Before we begin describing the ETL process, consider its importance in business intelligence. CIO Magazine provides a popular and useful definition of BI (Mulcahy, 2007):
"Business intelligence, or BI, is an umbrella term that refers to a variety of software applications used to analyze an organization's raw data. BI as a discipline is made up of several related activities, including data mining, online analytical processing, querying and reporting."

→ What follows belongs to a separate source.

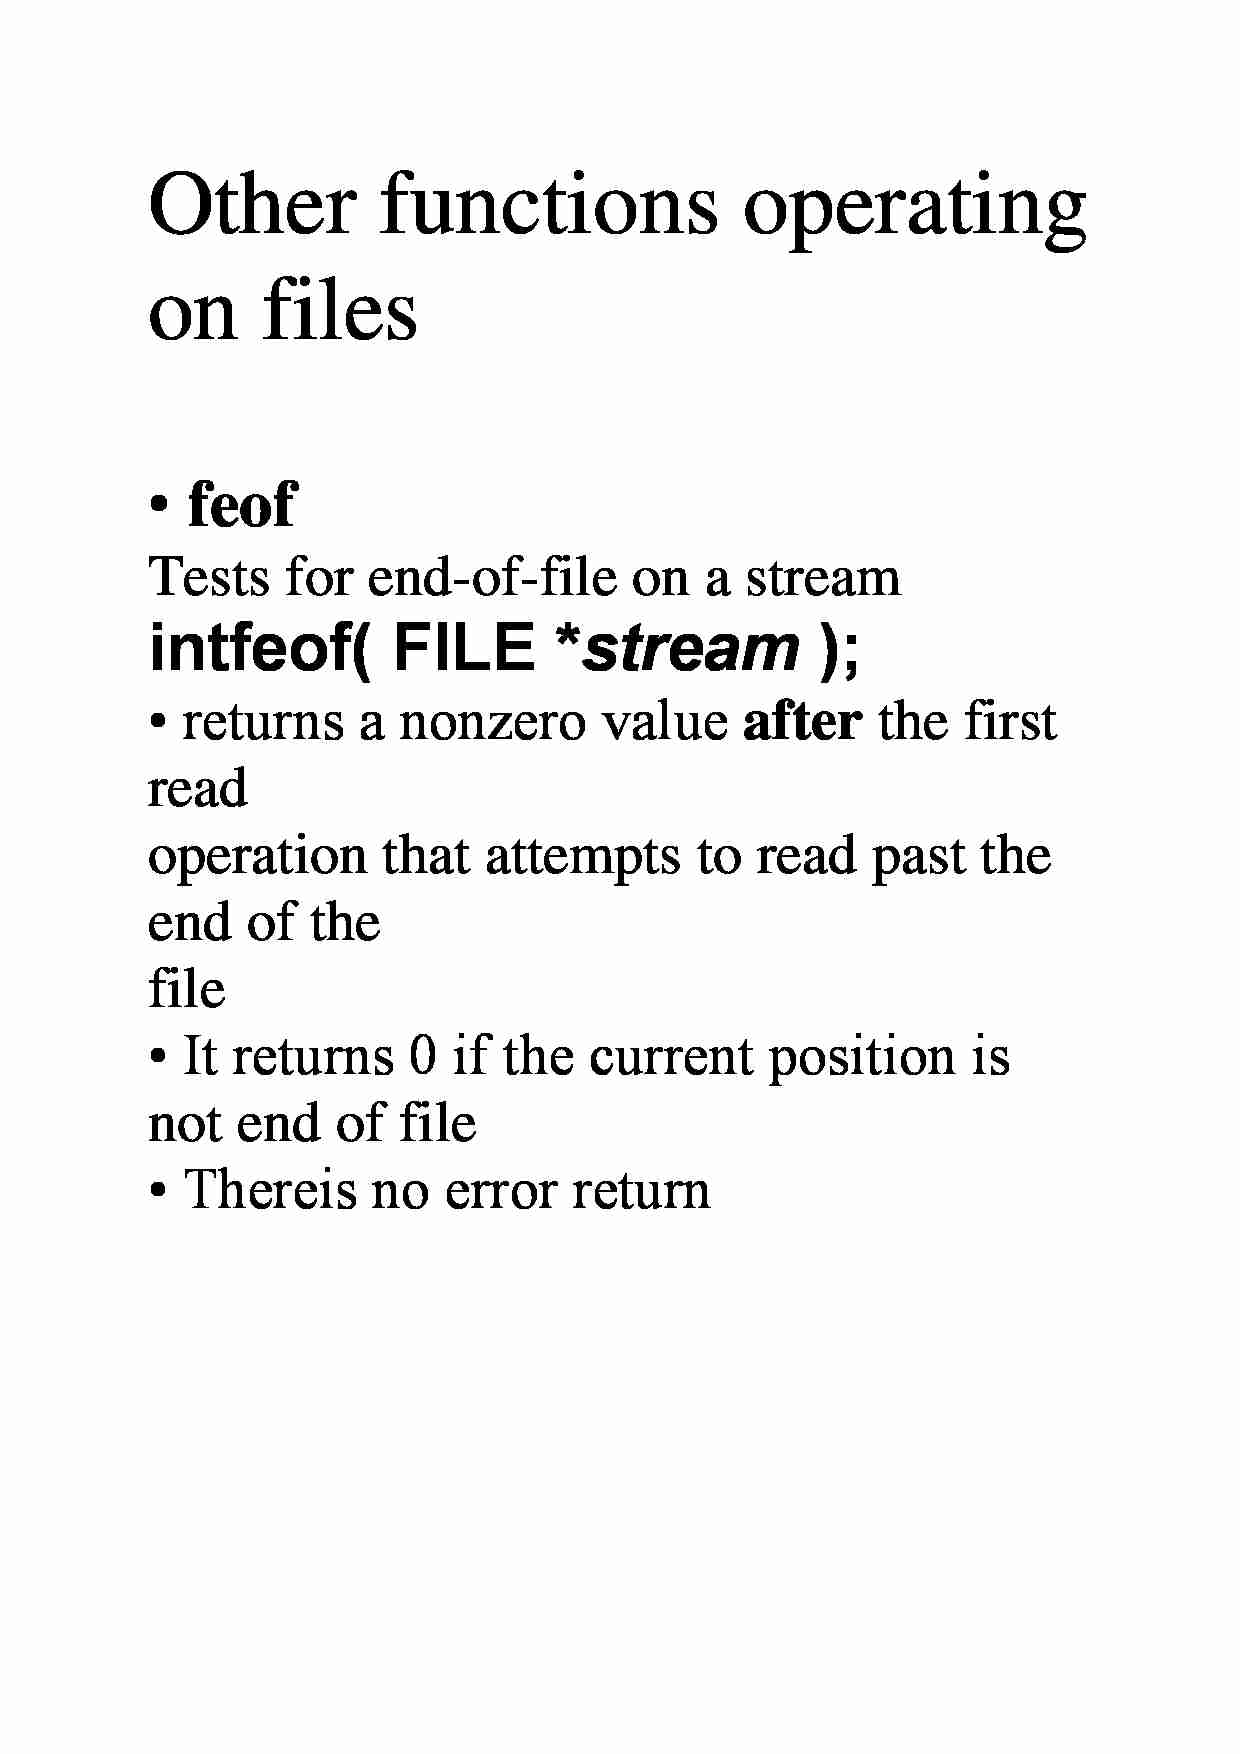 Other functions operating on files - strona 1

Mulcahy captures the essence of this book, which presents solutions in R to walk you through the steps from data analytic techniques to communicating your results. The purpose of BI applications has changed over the last decade as big data challenges affect the business world in ways first experienced in the sciences decades ago.
You can find the term big data in many business settings. It appears in advertisements for boot camps, draws attendees to conferences, and perplexes business leaders. Arguably, the term is ill-defined. A 1998 presentation given by John Mashey, then the Chief Scientist of Silicon Graphics, is often cited as the document that introduced the term (Press, 2013). The impact of big data on business is undeniable, despite its elusive meaning. There is a general agreement on the following three characteristics of big data, called the 3Vs:
Volume: The size of datasets has grown from megabytes to petabytes
Velocity: The speed of data arrival has changed to near real time
Variety: The sources of data have grown from structured databases to unstructured ones, such as social media, websites, audio, and video
Together these three characteristics pose a growing challenge to the business community. Data is stored in facilities across a vast network of local servers or relational databases. Virtual software access it with cloud-based applications. BI applications have typically included static dashboards based on fixed measures using structured data. Big data changes the business by affording a competitive advantage to those who can extract value from the large and rapidly changing sources of diverse data.
Today, people ask business analysts, what is going to happen? To answer this type of question, a business needs tools and processes to tap into the growing stream of data. Often this data will not fit into the existing databases without transformation. The continual need to acquire data requires a structured ETL approach to wrangle the unstructured nature of modern data. As you read this chapter, think about how companies may benefit from using the techniques presented, even when they are less complex than big data.
Use case: Bike Sharing, LLC
You will begin your exploration of BI and analytics through the lens of a fictional business called Bike Sharing, LLC. The company operates and maintains a fleet of publically rental bikes in the Washington D.C. metropolitan area. Their customers are typically from the urban area, including people from business, government, and universities. Customers enjoy the convenience of finding bikes easily within a network of bike-sharing stations throughout the city. Renters may rent a bicycle at one location and leave it at another station.Bike Sharing, LLC started operations in 2011, and has enjoyed continued growth. They quickly established a BI group to keep track of the data collected about transactions, customers, and factors related to rentals, such as weather, holidays, and times of day. In 2014, they began to understand how they might use open source datasets to guide decisions regarding sales, operations, and advertising. In 2015, they expanded their BI talent pool with business analysts experienced with R and statistical methods that could use Bike Sharing data in new ways.
You joined Bike Sharing just a few months ago. You have a basic understanding of R from the many courses and tutorials that you used to expand your skills. You are working with a good group that has a diverse skillset, including programming, databases, and business knowledge. The first data you have been given is bike rental data covering the two-year period from Jan 1, 2011 to Dec 31, 2012 (Kaggle, 2014). You can download this same
Ch1_bike_sharing_data.csv file from the book's website at
Data sources often include a data dictionary to help new users understand the contents and coding of the data. Data Dictionary for Bike Sharing Data (Kaggle, 2014):
datetime: Hourly date + timestamp
holiday: Whether the day is considered a holiday
workingday: Whether the day is neither a weekend nor holiday
1: Clear, Few clouds, Partly cloudy, Partly cloudy
2: Mist + Cloudy, Mist + Broken clouds, Mist + Few clouds, Mist
3: Light Snow, Light Rain + Thunderstorm + Scattered clouds, Light Rain + Scattered clouds
4: Heavy Rain + Ice Pellets + Thunderstorm + Mist, Snow + Fog
temp: Temperature in Celsius
atemp: Feels like temperature in Celsius
humidity: Relative humidity
windspeed: Wind speed
casual: Number of non-registered user rentals initiated
registered: Number of registered user rentals initiated
count: Number of total rentals
One of your goals is to strengthen your ETL skills. In this use case, you will learn common extraction, transformation, and loading skills to store a dataset in a file for analysis. Welcome to the Bike Sharing team.